Just got back from a research poster-board session. About 90% of research, in just general engineering, seems to involve machine learning right now.

Sounds unimaginative and unoriginal. Clearly nothing with initial promise or has high chance if paired with same ilk of thought that just comes to the same conclusion.

How unfortunate, hopefully something beneficial came out of it.

@jmw150 Wonders of magical thinking and intellectual laziness: I do not need to analyse this any more. Just throw in some data, somebody creates a ML setup and voila, solution. Dissertation completed, mission accomplished.
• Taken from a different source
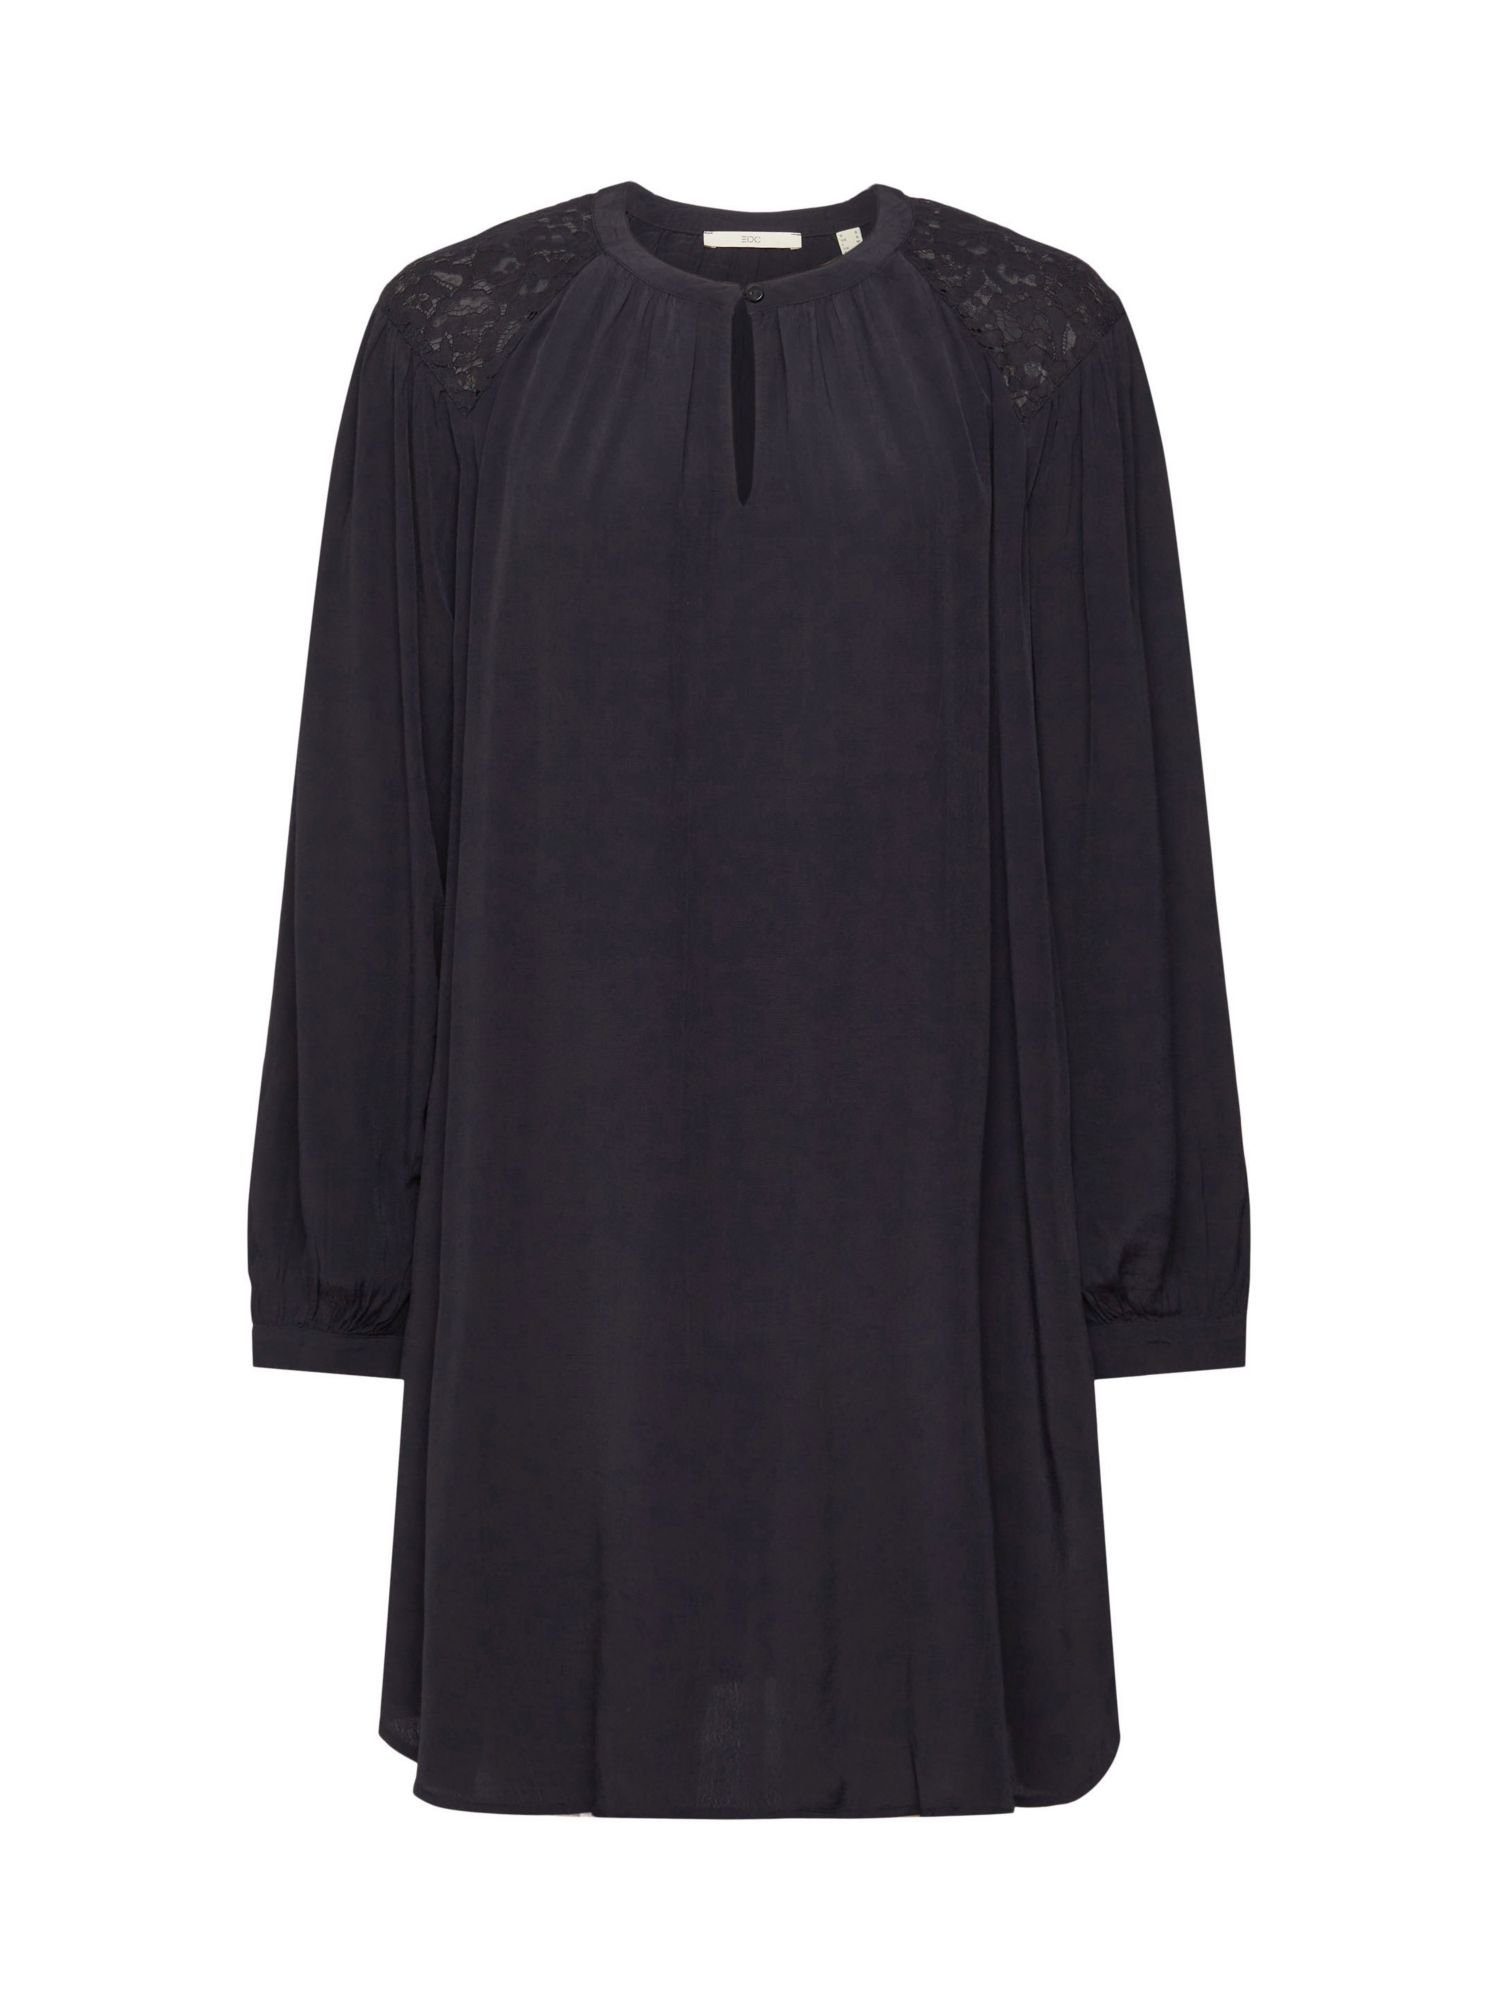 Esprit BLACK by Minikleid Kleid edc Spitzendetails mit

Except most of the time it's just minor scratches of the surface oversold as "first steps towards a _potential_ breakthrough"- with occasional/rare exceptions.

I am not complaining, we 9as the humankind) need to dig up this mine until we realise that there really isn't much in there and then we'll move on - at least knowing that we did our best and failed. But watching the process from the sidelines still hurts a bit.
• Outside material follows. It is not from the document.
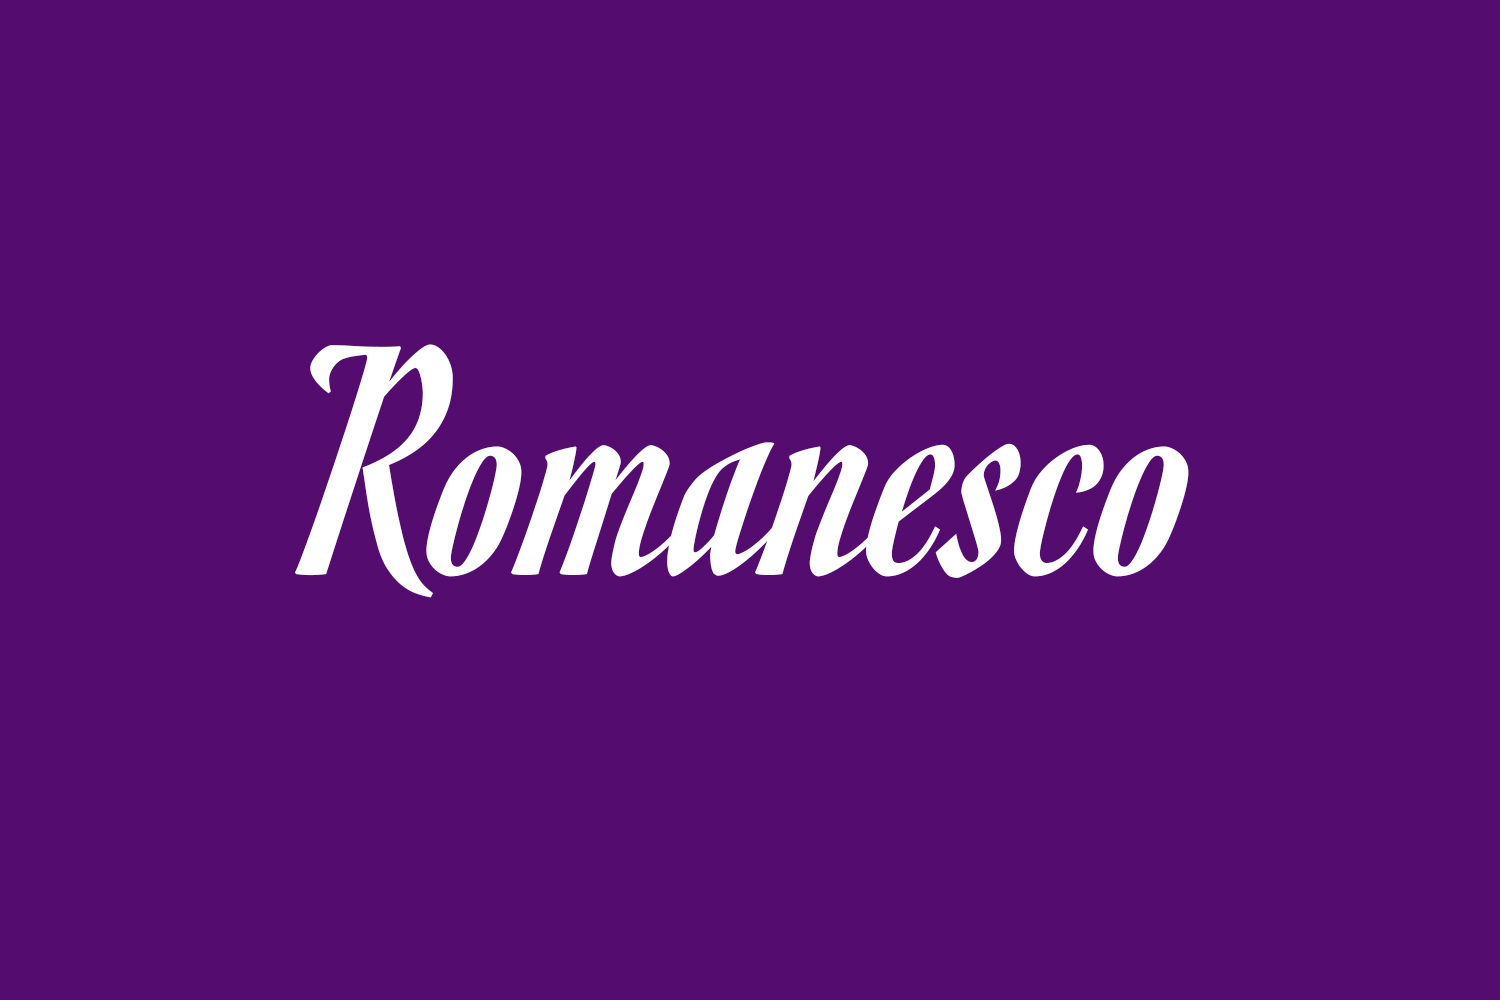 Romanesco
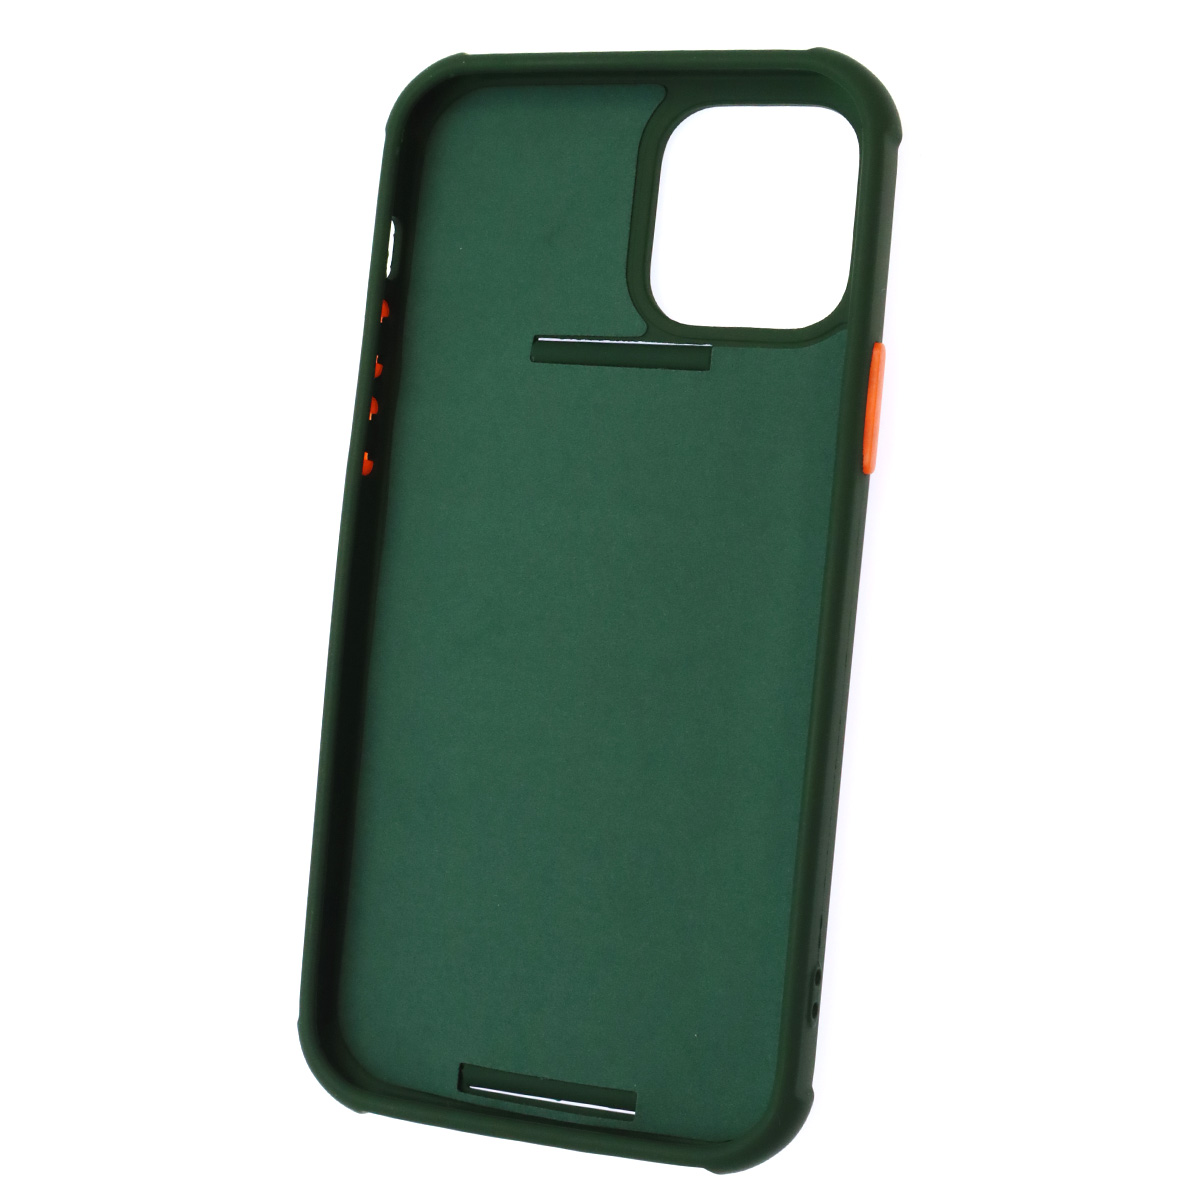 Чехол накладка LADDER NANO для APPLE iPhone 12, iPhone 12 PRO (6.1), силикон, держатель, цвет темно зеленый

Some of it is actual science, theorems about convergence criteria, or approximation ability of these kinds of functions. There are also computer security people that try to make these systems more robust to counterexamples, and that forces practitioners to understand the system better.
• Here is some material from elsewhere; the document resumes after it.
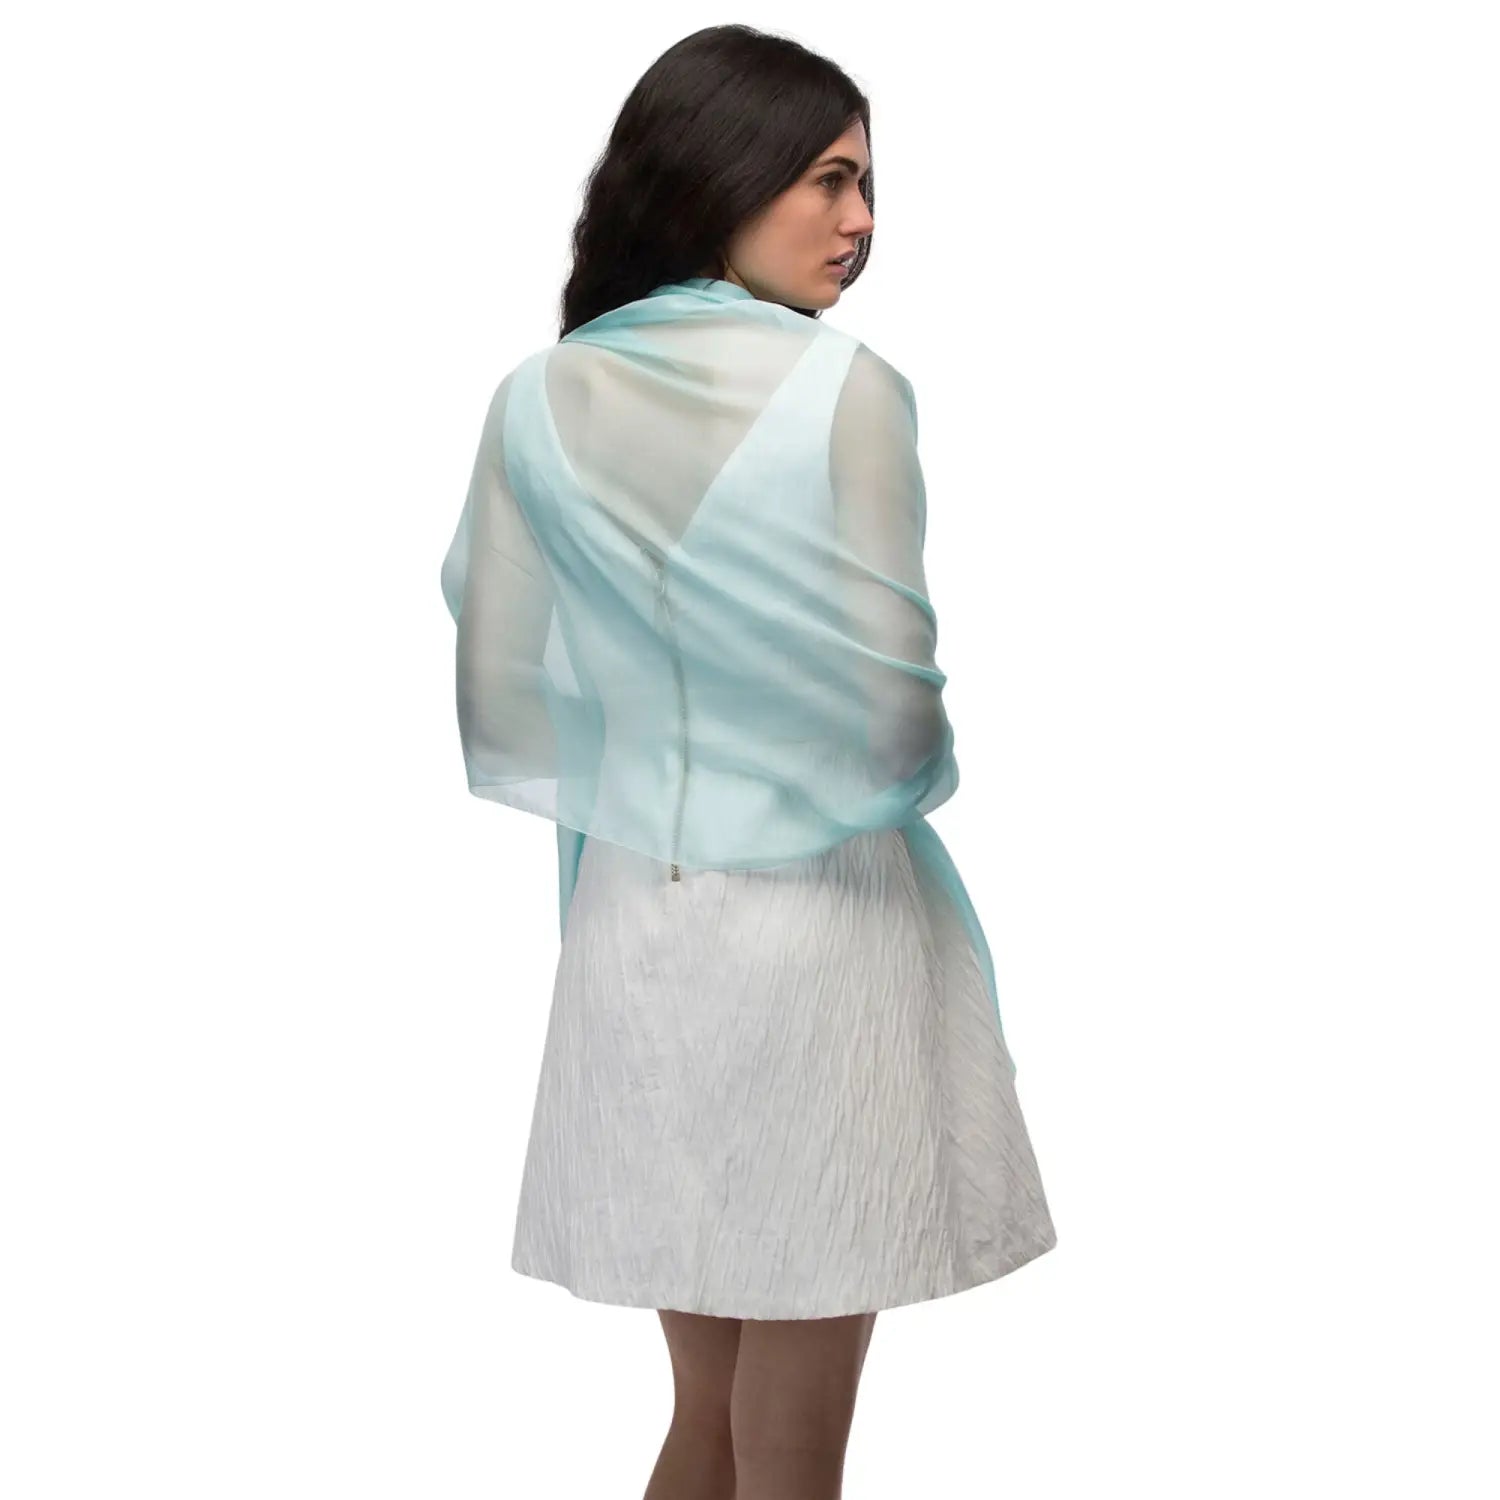 Woman wearing blue and white chiffon shawl - Plain Chiffon Shawl Semi-Opaque

Most of it is not worth much. For pretty much all of the ML papers at this session, an approximated function was discovered that could perform the desired behavior, given just the right inputs, and that was it.

@jmw150 Of course I know (perhaps more than I wish, got some academic titles in the broader field). The theory is very exciting indeed, what I am referring to are the applications and the hype the field is surfing over the last years. That itself is also not special, or wrong on its own. What is wrong is that laymen started to believe ML techniques can magically solve all of their problems without them doing the hard work of learning the nitty gritty details of their "domains of inexpertise". 99,999% of times it does not work beyond the first attempt which is deemed "promising". But yes, for image recognition and now natural language processing and similar things it worked marvels - which, to defense of the "magical thinking", would not be possible if people simply did not try to throw ML at anything and see what sticks. But when it actually does work, the nitty-gritty details of the domain are still needed. There's some inherent complexity to problems which actually matter.